══ Data segment

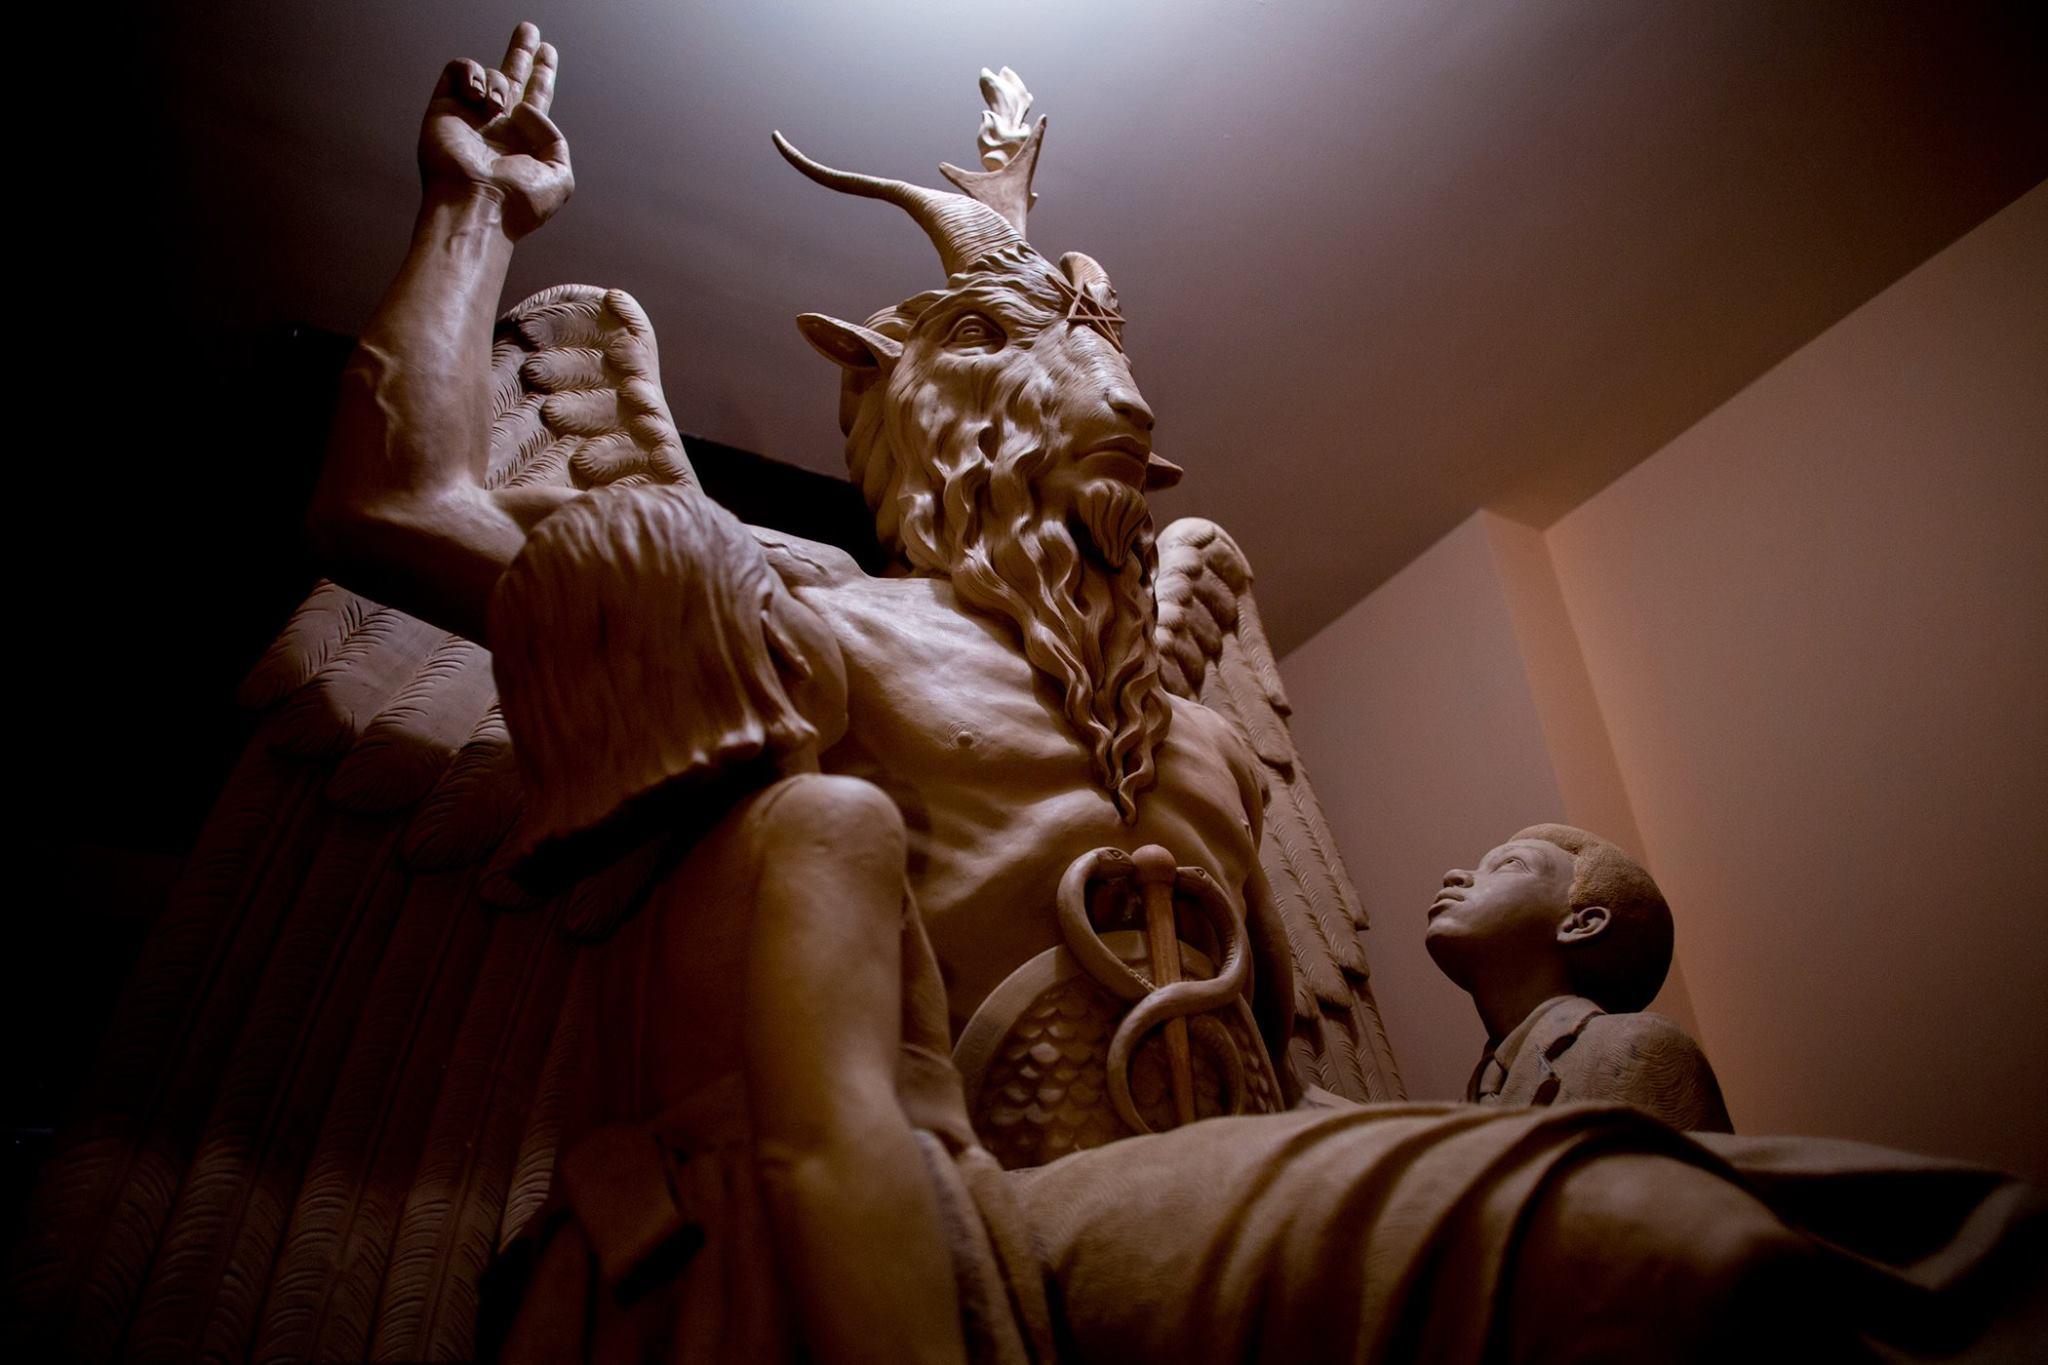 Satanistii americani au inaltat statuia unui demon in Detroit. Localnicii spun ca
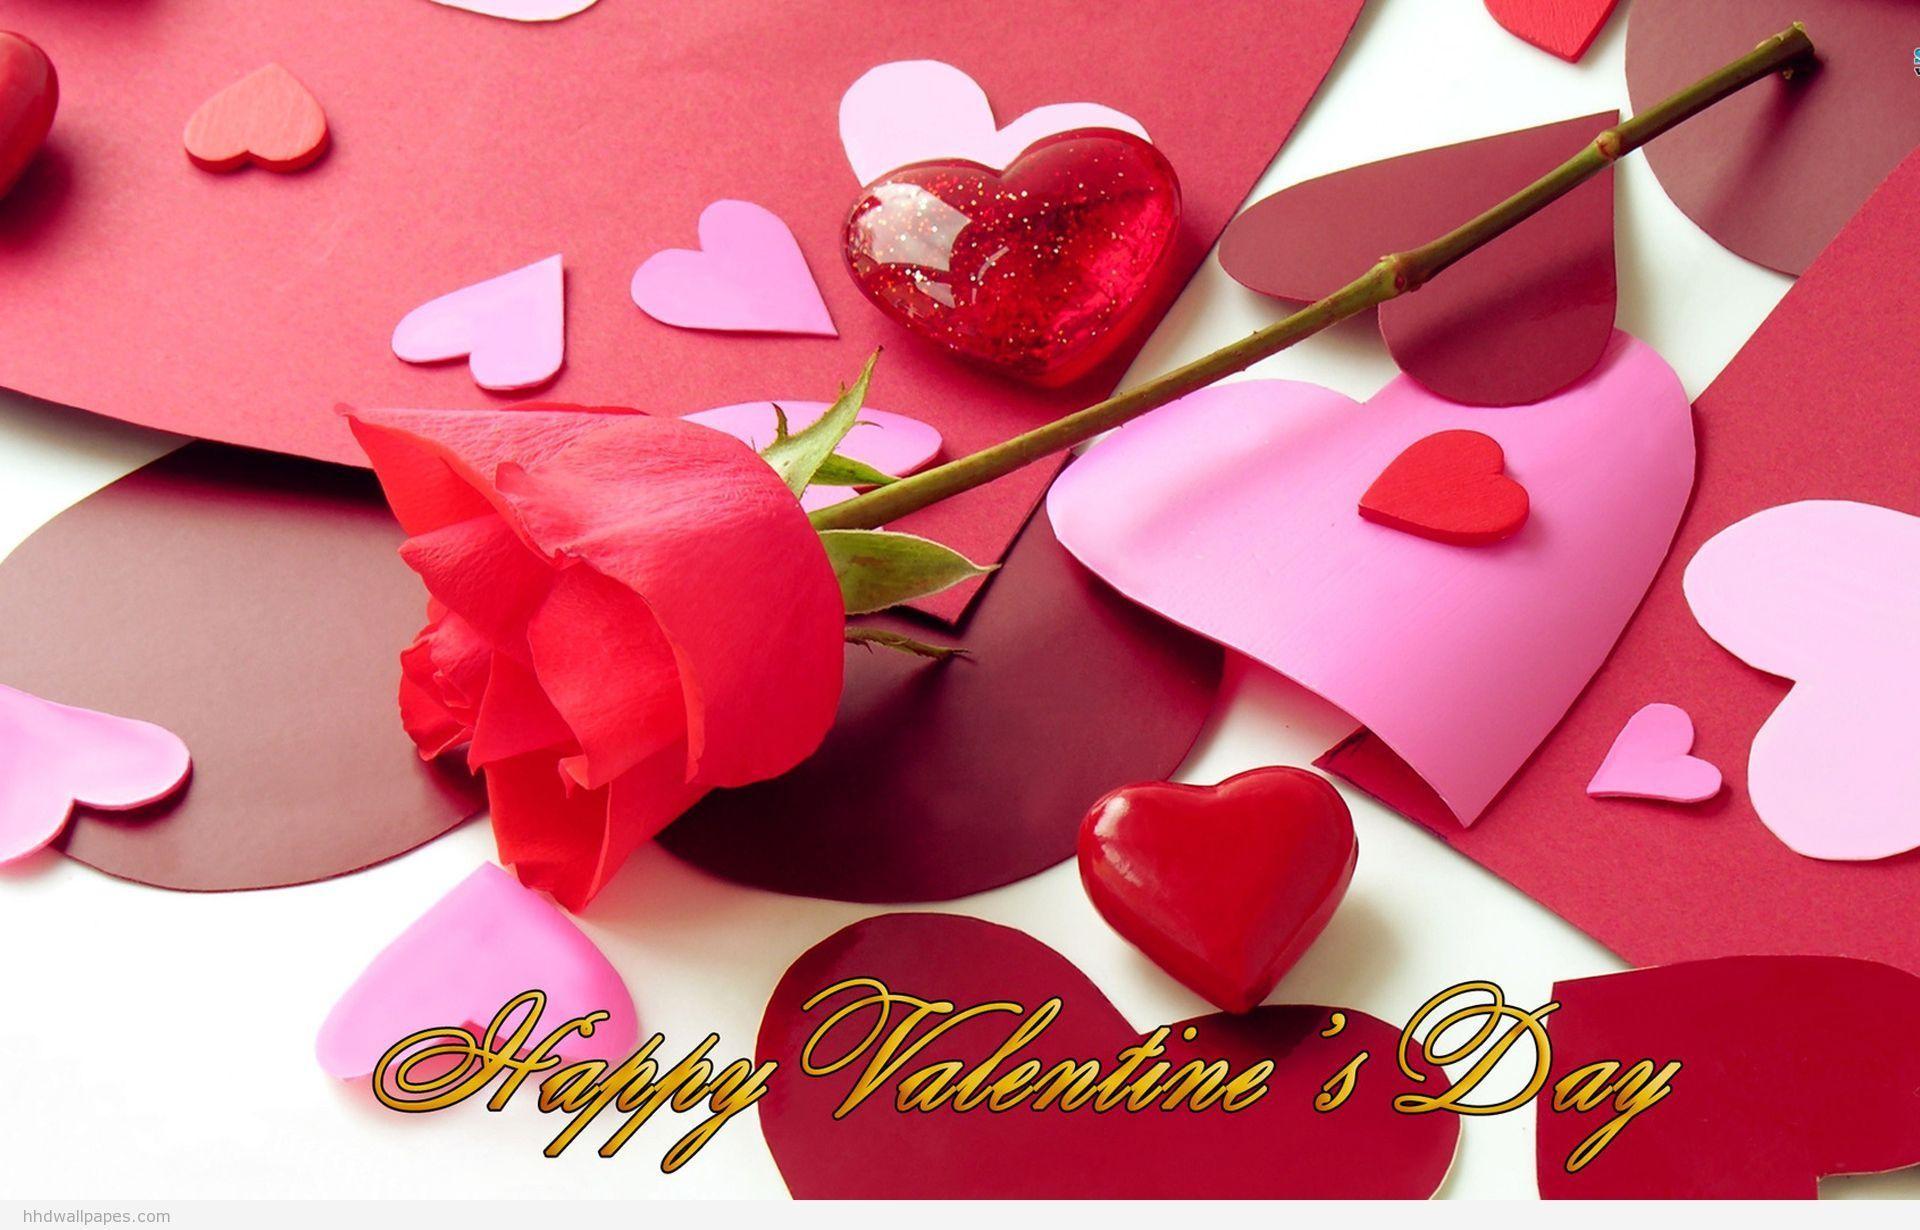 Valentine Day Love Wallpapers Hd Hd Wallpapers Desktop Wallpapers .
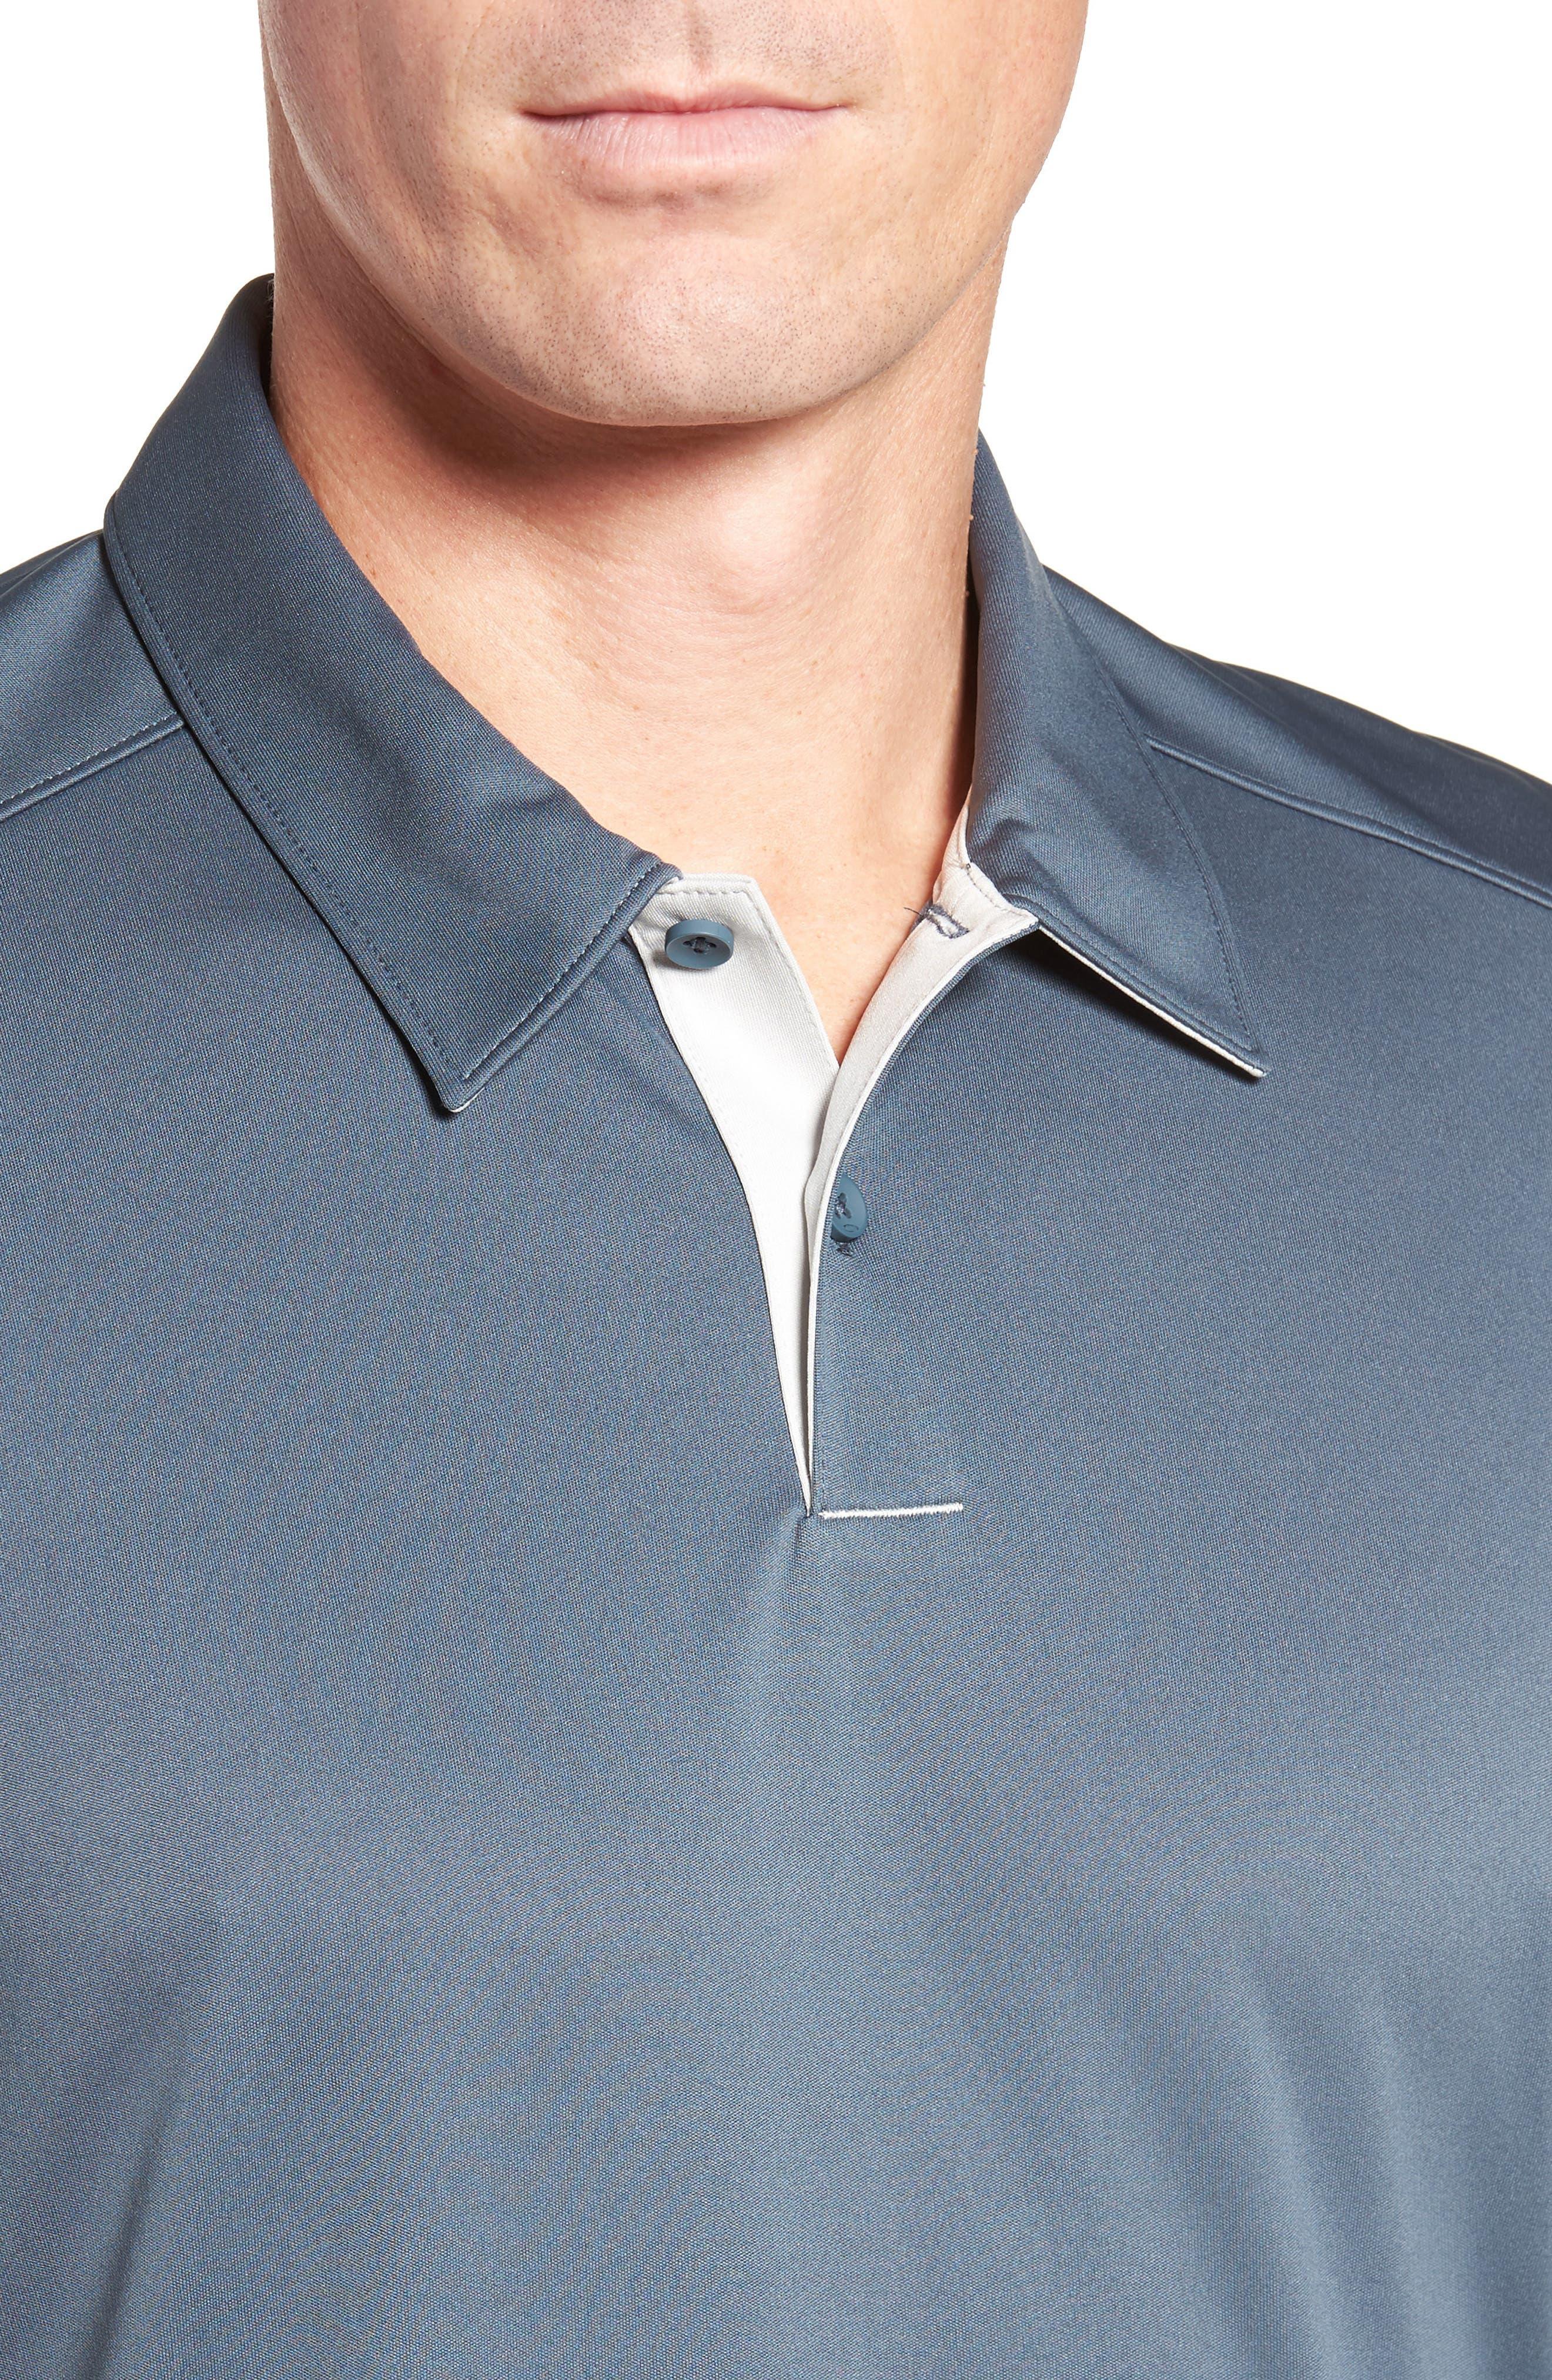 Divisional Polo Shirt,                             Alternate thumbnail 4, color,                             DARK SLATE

════

» **Problem to solve**: An image-free, exact version of the listing above is required.

» **Exercise output**:
 Satanistii americani au inaltat statuia unui demon in Detroit. Localnicii spun ca
 Valentine Day Love Wallpapers Hd Hd Wallpapers Desktop Wallpapers .
 Divisional Polo Shirt,                             Alternate thumbnail 4, color,                             DARK SLATE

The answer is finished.